§ Input data
○ ○ ○ ○ ○
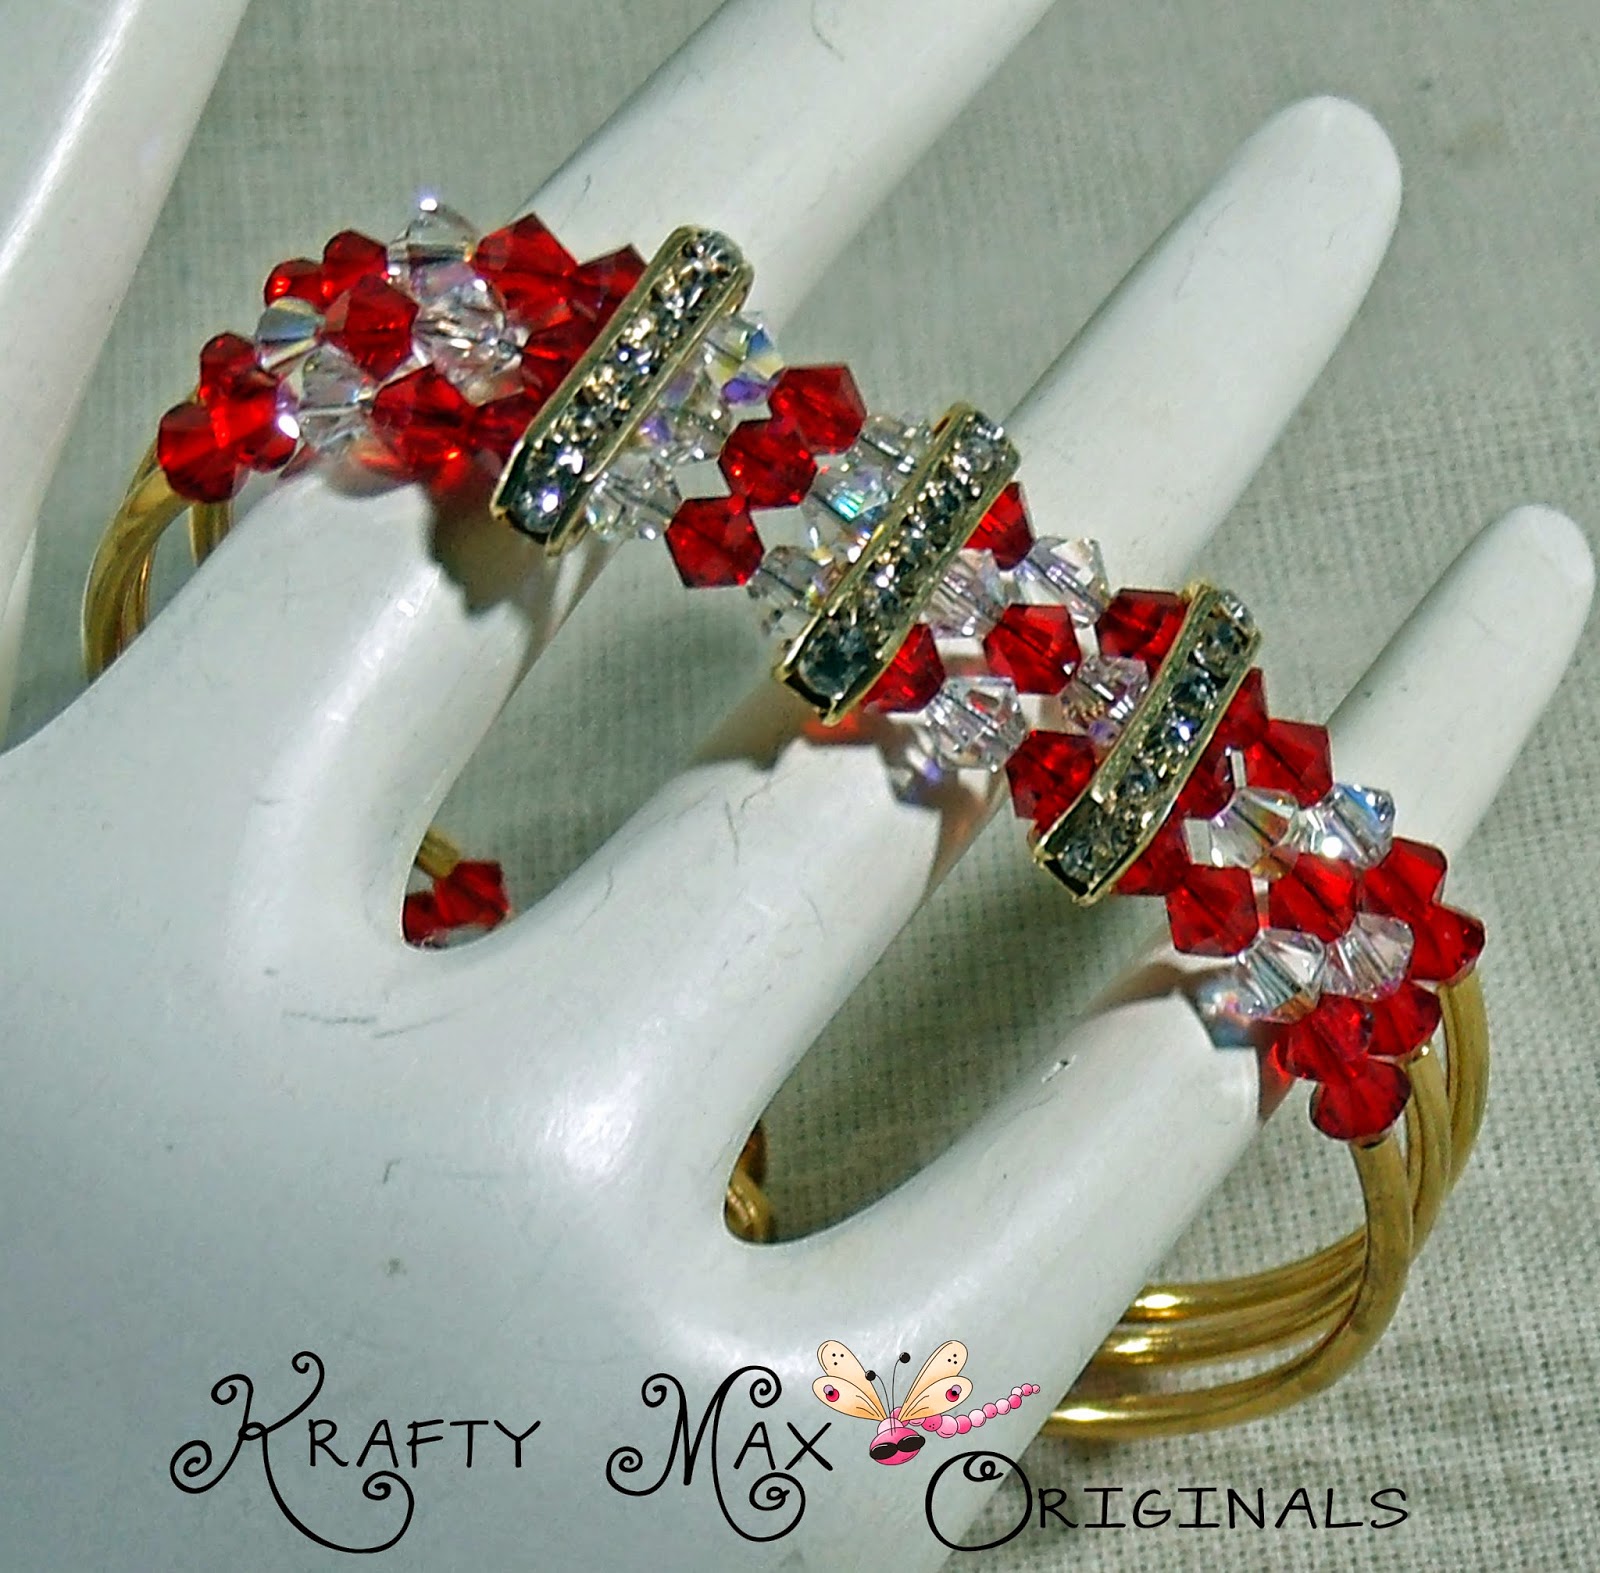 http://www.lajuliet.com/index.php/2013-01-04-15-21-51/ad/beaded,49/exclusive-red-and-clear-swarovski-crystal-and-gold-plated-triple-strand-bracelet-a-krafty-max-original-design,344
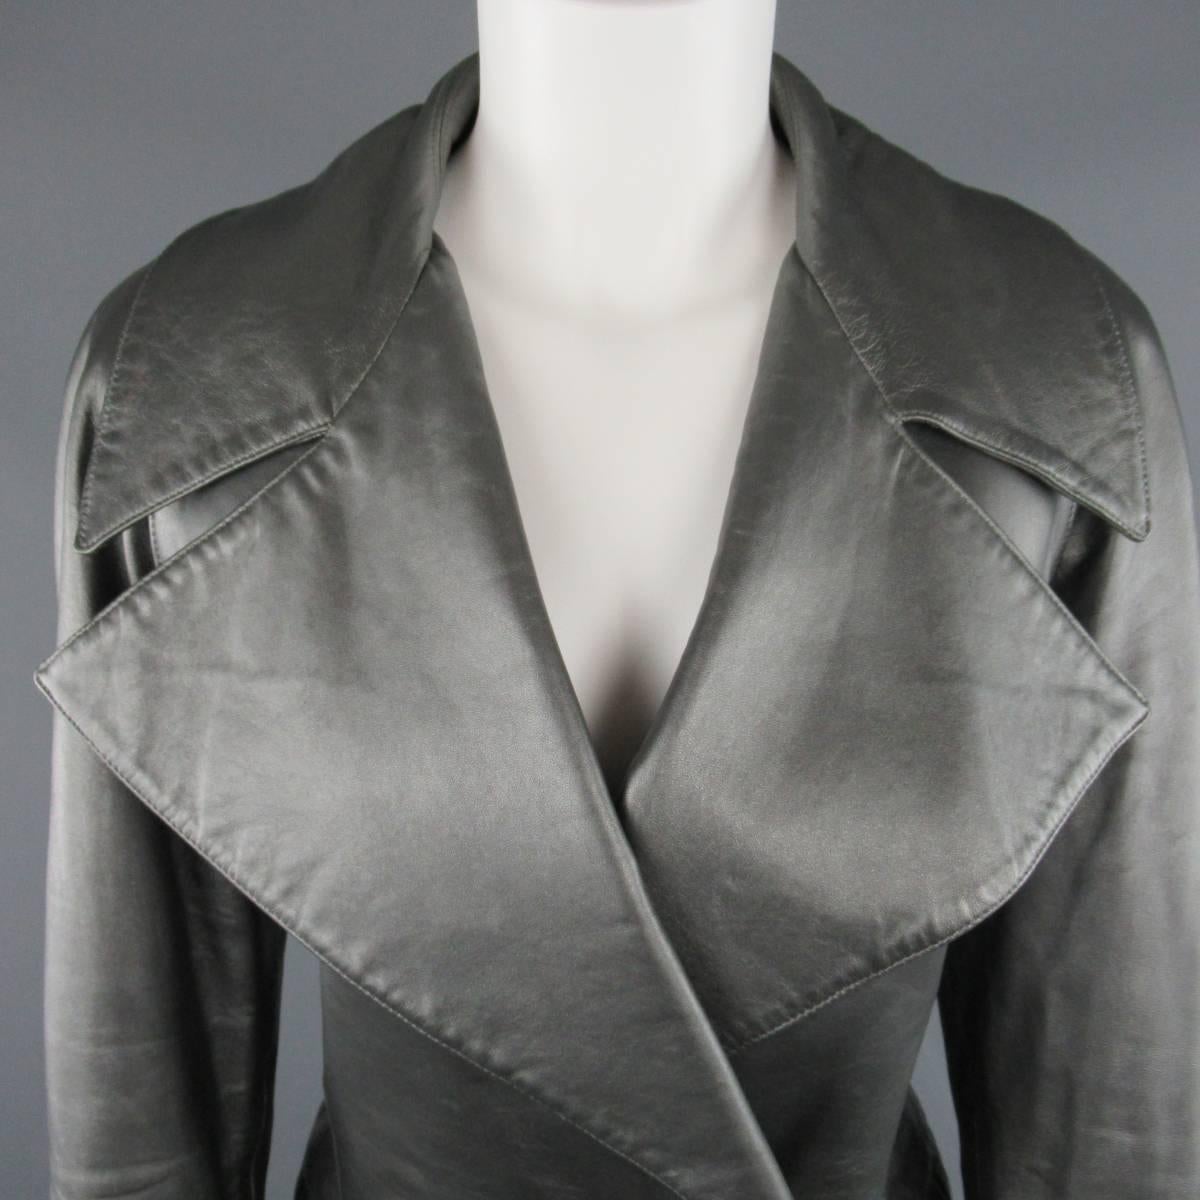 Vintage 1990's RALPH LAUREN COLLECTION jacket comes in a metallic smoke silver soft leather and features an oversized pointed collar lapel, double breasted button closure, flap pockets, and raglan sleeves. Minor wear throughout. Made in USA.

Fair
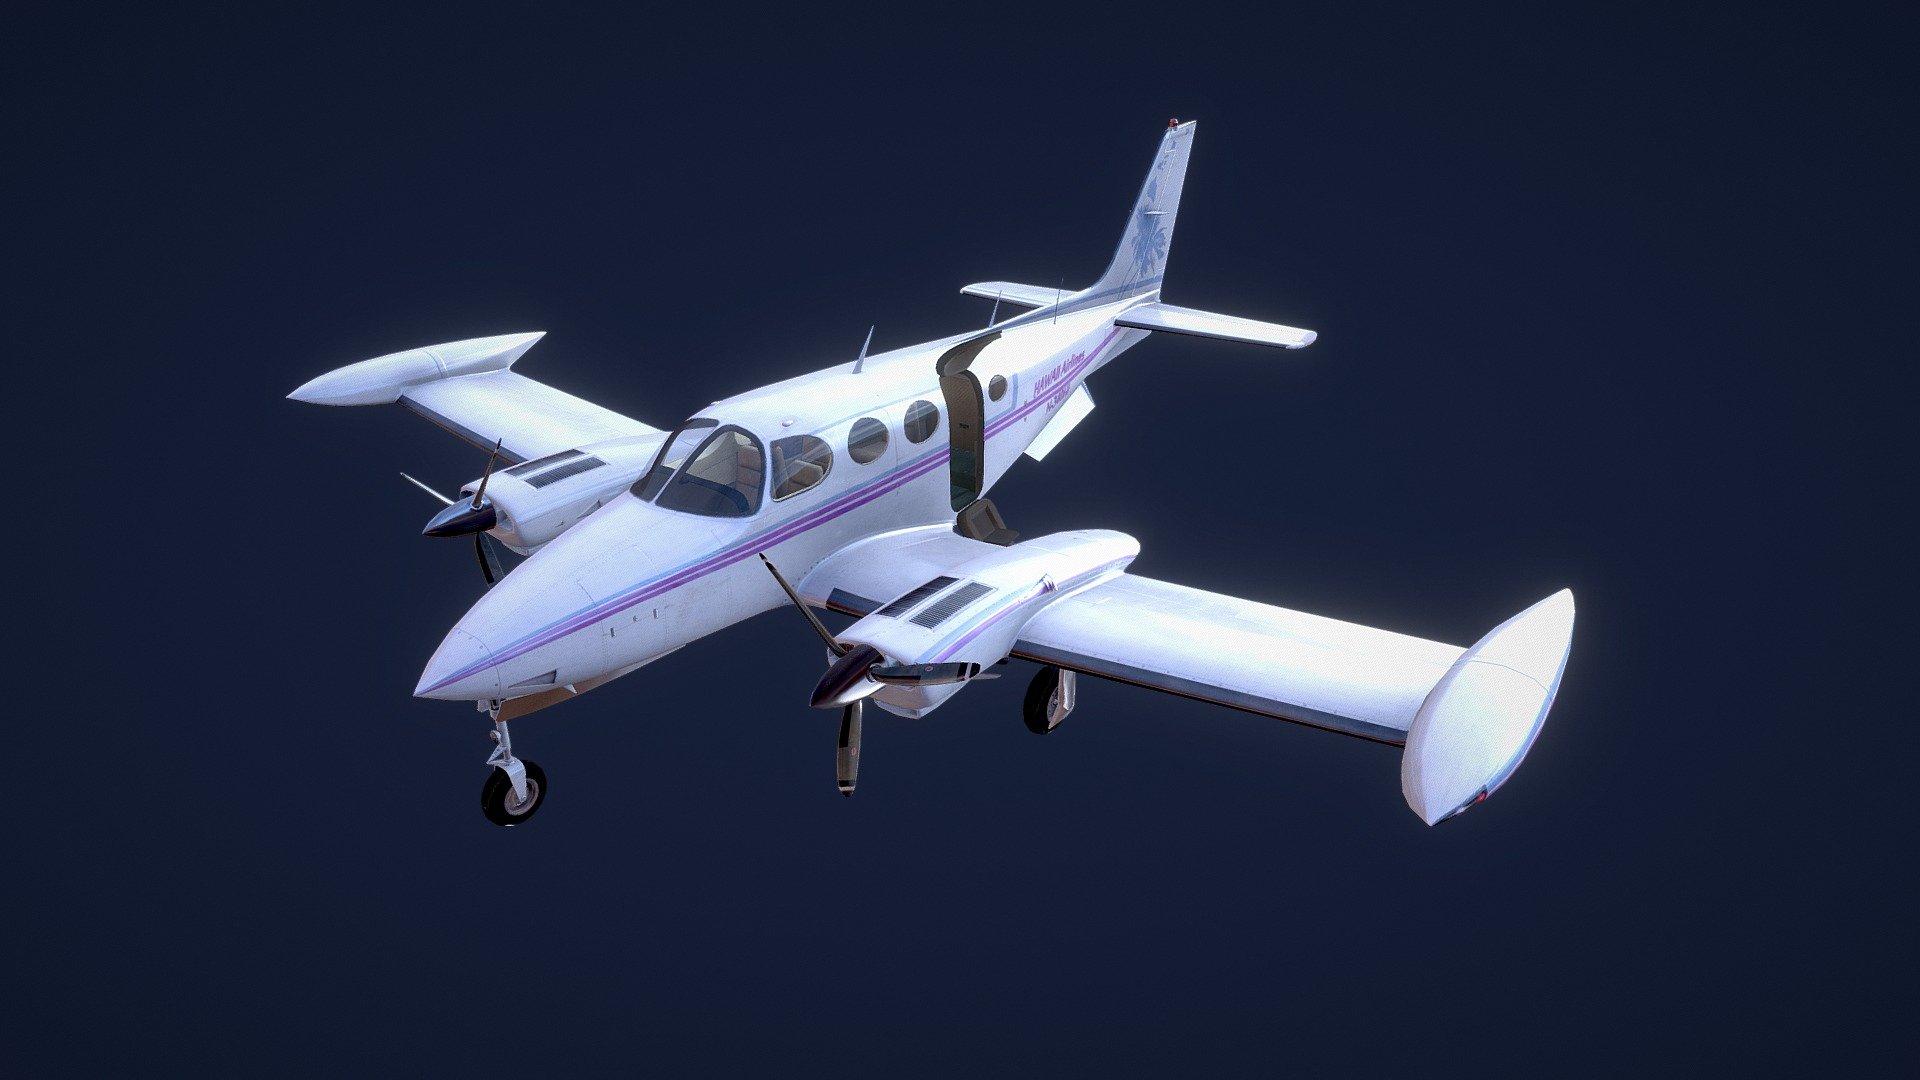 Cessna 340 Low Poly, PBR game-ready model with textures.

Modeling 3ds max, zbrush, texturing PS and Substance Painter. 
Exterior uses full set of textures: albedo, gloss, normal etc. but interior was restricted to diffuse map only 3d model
○ ○ ○ ○ ○
§ Problem statement
In the copy, include every record exactly and no pictures at all.

§ Result below
 http://www.lajuliet.com/index.php/2013-01-04-15-21-51/ad/beaded,49/exclusive-red-and-clear-swarovski-crystal-and-gold-plated-triple-strand-bracelet-a-krafty-max-original-design,344
 Vintage 1990's RALPH LAUREN COLLECTION jacket comes in a metallic smoke silver soft leather and features an oversized pointed collar lapel, double breasted button closure, flap pockets, and raglan sleeves. Minor wear throughout. Made in USA.

Fair
 Cessna 340 Low Poly, PBR game-ready model with textures.

Modeling 3ds max, zbrush, texturing PS and Substance Painter. 
Exterior uses full set of textures: albedo, gloss, normal etc. but interior was restricted to diffuse map only 3d model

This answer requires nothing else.